Un pays qui se soulève

Pavel Nikolayevich Filonov. — « La formule du printemps et les forces en action », 1928

Lundi 20 mars, les pages d’accueil de la presse nationale sont tout entières à l’excitation d’une motion de censure, à compter les députés susceptibles de voter, à supputer des chances, à envisager de futures combinaisons, à jouer les informés, quel délice — le journalisme politique : passeport pour l’inanité politique.

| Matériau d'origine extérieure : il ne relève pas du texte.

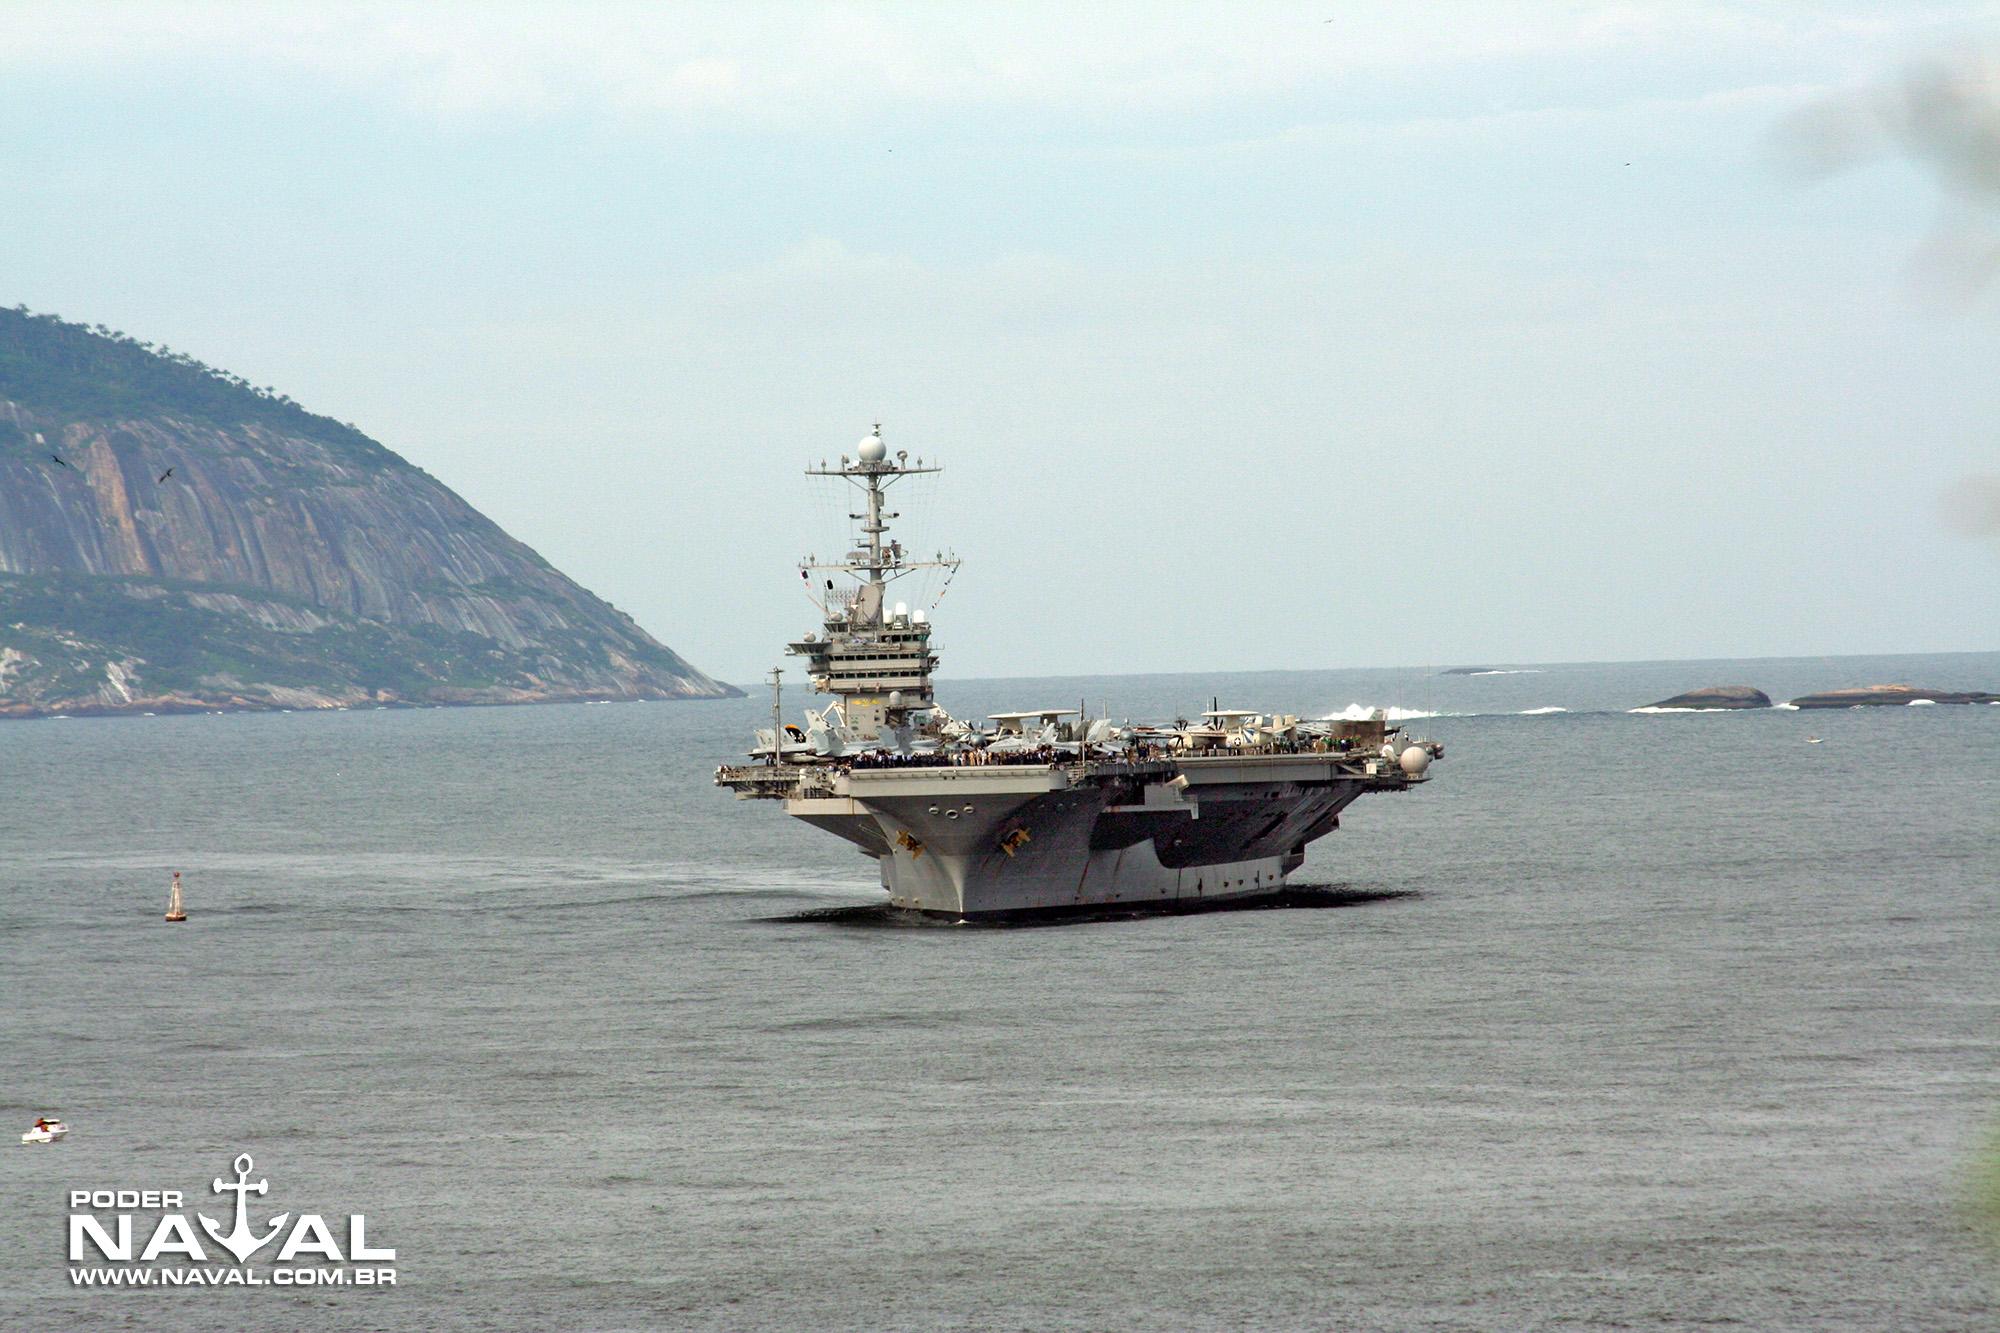 USS George Washington (CVN-73) no Rio - 2008 - 4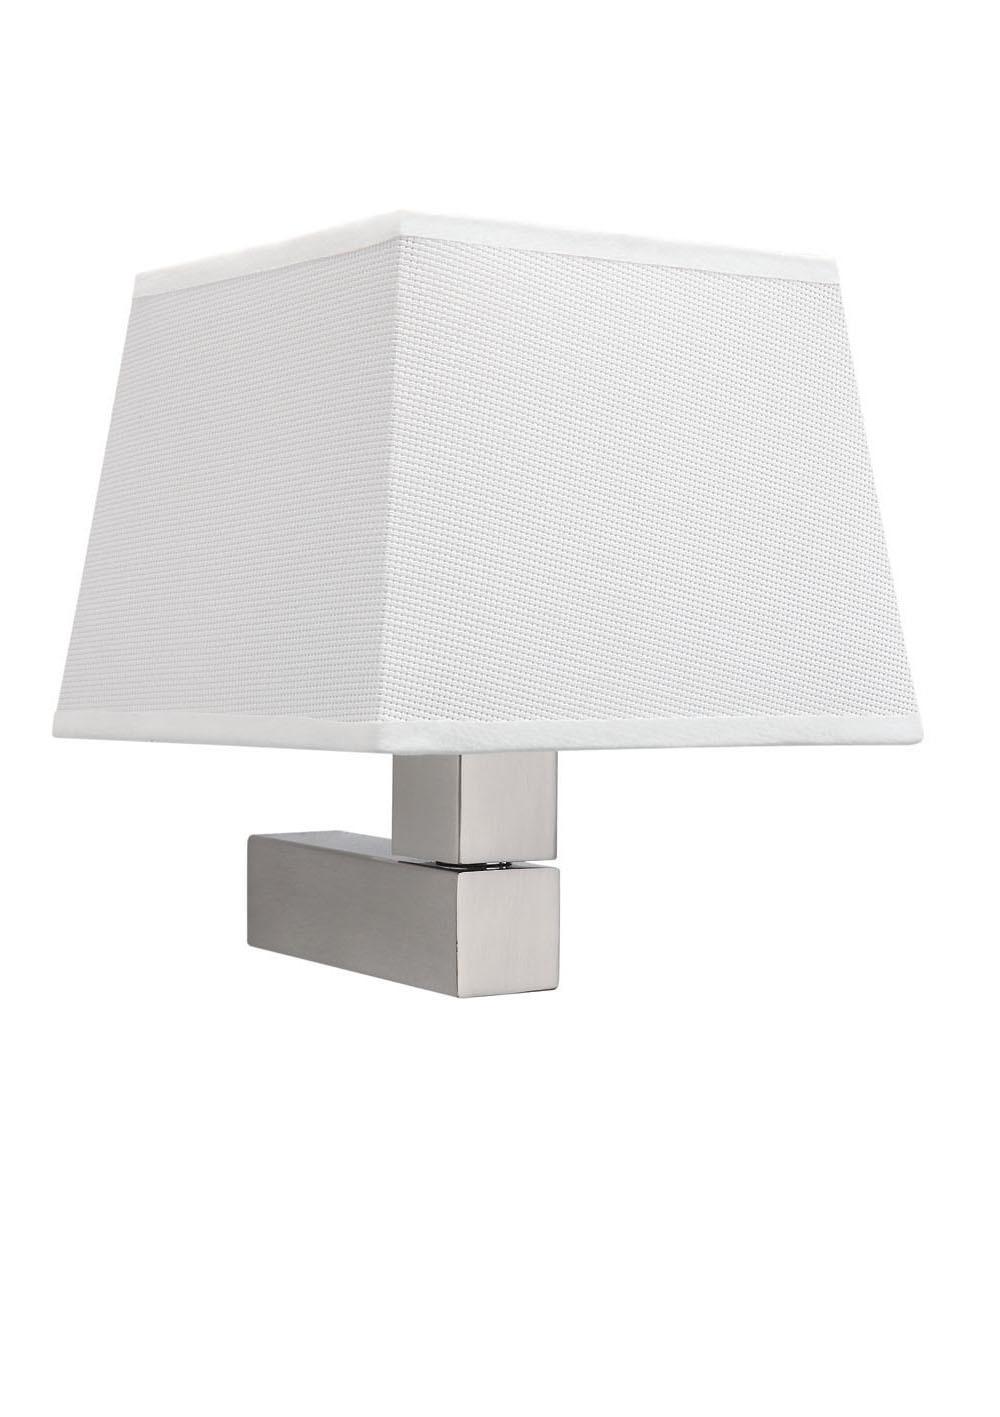 Bahia Wall Lamp with square white Fabric shade 1 Light E27 Satin Nickel

Lire aussi Grégory Rzepski, « Capitalisation, l’autre nom de la réforme des retraites », Le Monde diplomatique, mars 2023.

Pendant ce temps, la politique, dans sa puissance de surgissement, s’est emparée du pays. Une nuée d’initiatives spontanées explose de tous côtés, débrayages sans préavis, blocage des axes routiers, débordements émeutiers ou simples manifs sauvages, AG étudiantes dans tous les coins, l’énergie de la jeunesse à la Concorde, dans la rue. Tout le monde se sent sur des charbons ardents et des impatiences dans les jambes — mais pas pour les sottises qui passionnent le dé à coudre parisien. Le dé à coudre est à l’image de la tête d’épingle, les journalistes scotchés à Macron et Borne, aussi ignorants les uns que les autres de ce qui se passe vraiment : l’ébullition.

C’est beau ce qui se passe quand l’ordre commence à dérailler. Des choses petites mais inouïes, qui rompent l’enfermement résigné et l’atomisation dont les pouvoirs font leur pouvoir. Ici des agriculteurs amènent des paniers de légumes aux cheminots en grève ; là un restaurateur libanais distribue des falafels aux manifestants nassés ; des étudiants rejoignent les piquets ; on verra bientôt des particuliers ouvrir leur porte pour cacher des manifestants de la police. Le vrai mouvement commence. D’ores et déjà nous pouvons dire que la situation est pré-révolutionnaire. À quelles perspectives fait-elle face ? Se peut-il qu’elle puisse se débarrasser du « pré- » pour devenir pleinement révolutionnaire ?

Gouverner par la rafle

Ce pouvoir, légitimité effondrée, n’est plus qu’un bloc de coercition. Pour avoir lui-même abattu toutes les médiations, l’autocrate n’est plus séparé du peuple que par une ligne de policiers. De cet individu que toute raison a depuis longtemps déserté, rien ne peut être exclu.

Lire aussi Serge Halimi, « Un homme contre un peuple », Le Monde diplomatique, février 2023.

Macron n’a jamais inscrit l’altérité. Sa psyché ignore ce que c’est qu’un…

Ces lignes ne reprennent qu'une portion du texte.